Moments later, I heard the wind rise and there a sudden crash. It was loud enough to be a thunderclap but without the same resonance and I realised something must have been blown free. I ran to the front window and saw a large limb down across the intersection pinning a power line underneath, so I snapped a photo and posted it to LJ.

Meanwhile, the rain became a downpour so heavy it was almost impossible to see across the street any more. I glanced at my phone to see a reply from one of my condomates. "Look out the [north] side," she said. Her apartment is just to the east of mine so I ran back to the dining room and looked that way--and saw that one of the maples on the hellstrip had snapped off about four metres off the ground.

Fortunately the trunk had fallen away from the building. It was blocking the street and lying across the hood of a parked car. I opened a window to take a picture. Rain was still falling, though not as heavily, and the sun was already out again. I saw an older gentleman surveying the fallen limb. He saw me and said, "That's my car." I offered my condolences.

I tried calling the city but gave up when I couldn't get through and texted the neighbours to the south. "Come outside" I said and ran out the back gate. He joined me at the car and we examined the huge dent near the driver-side door. The windshield was perfectly intact, however.

At the corner we noticed a man in bright brown suit directing traffic. He looked like he'd been on his way back from church. Despite his urgings, drivers kept running over the downed line. "I called the city and ComEd," he told us. Sure enough, a cop car came a few minutes later and the officers set up a roadblock.
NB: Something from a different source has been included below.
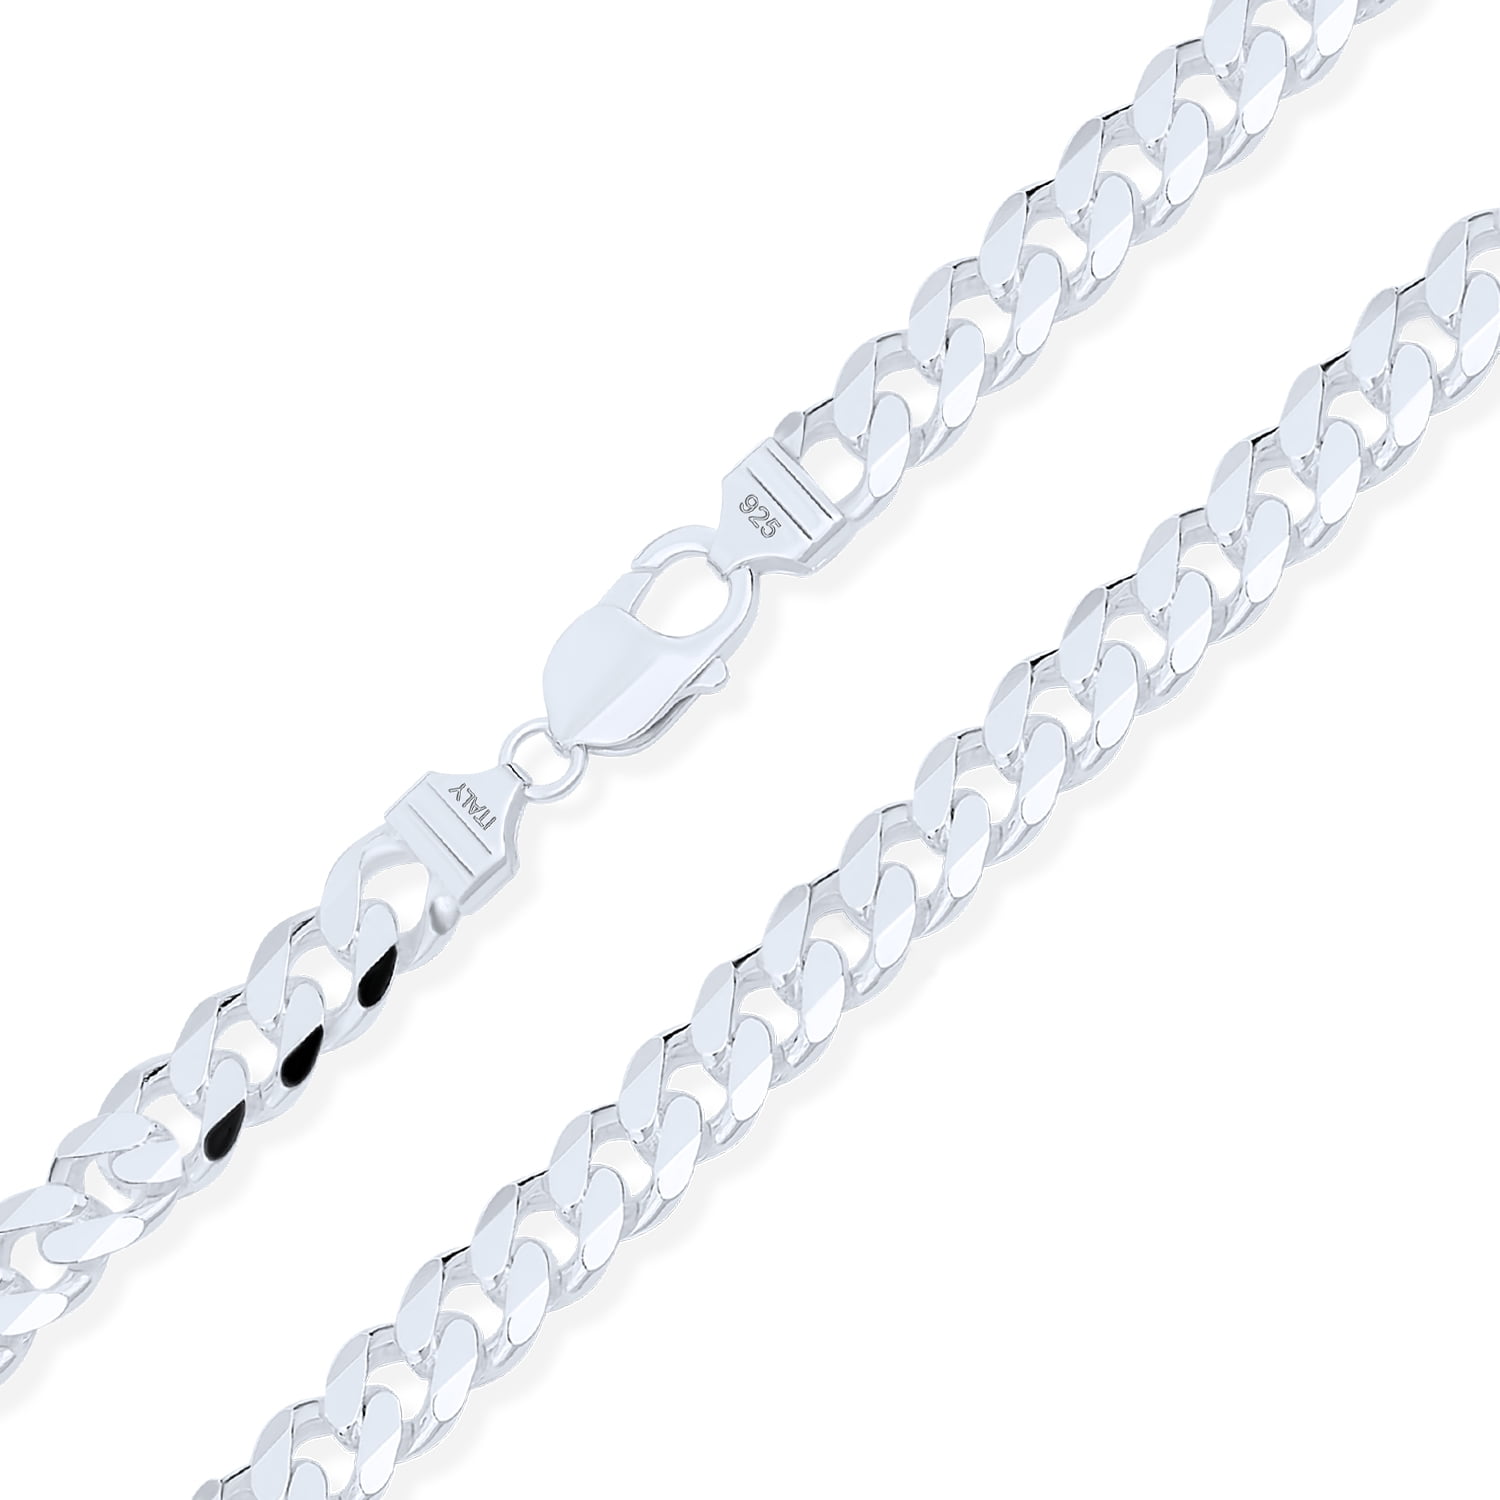 UNISEX MADE IN ITALY 925 sterling silver 2mm wide CURB 14"-40" CHAIN NECKLACE

We were like children, running around the block and inspecting the damage. I found some blocks of wood in the street and on our lawn which we determined came from the scaffolding across the way. A chunk of it was lodged in a tree high above the sidewalk and the officers were also urging pedestrians not to walk under it.

When it became apparent Streets & San were in no hurry to get there and clear the debris we ended up doing some impromptu gardening. He trimmed the grass while I pulled weeds and stuck my geraniums into the pots flanking the front door (much to the chagrin of the couple upstairs). Meanwhile a steady stream of gawkers came by, bearing reports of damage in the vicinity--another downed powerline, a tree fallen onto a building, and so forth.

Around dinnertime, I heard a chainsaw and came out to find most of the fallen tree cut up and dumped into the street by a grapple truck. I took some perv shots of the husky operator and then watched him guide the boom to hold the trunk in place while the other man sectioned it, chatting with a Canadian grandpa from up the street who'd also stopped to watch.

It's funny how an event like this brings the neighbourhood together. There's a bear living across the street who I've nodded hello to numerous times in the past decade but we'd never actually spoken. Sunday we shared reminiscences of the microburst four years ago and he shared some of the pictures he'd taken then. A woman came by to tell us how she'd been parked in the very spot where the tree had fallen only half an hour before. Another neighbour told us about having a branch hit his car last fall and causing him several thousand.

On my way to work this morning, I saw a chipper truck working its way up the street and a team taking down the tree that smacked the building. I expect to come back and find the street largely back to normal. But maybe the ice between us will stay cracked if not broken.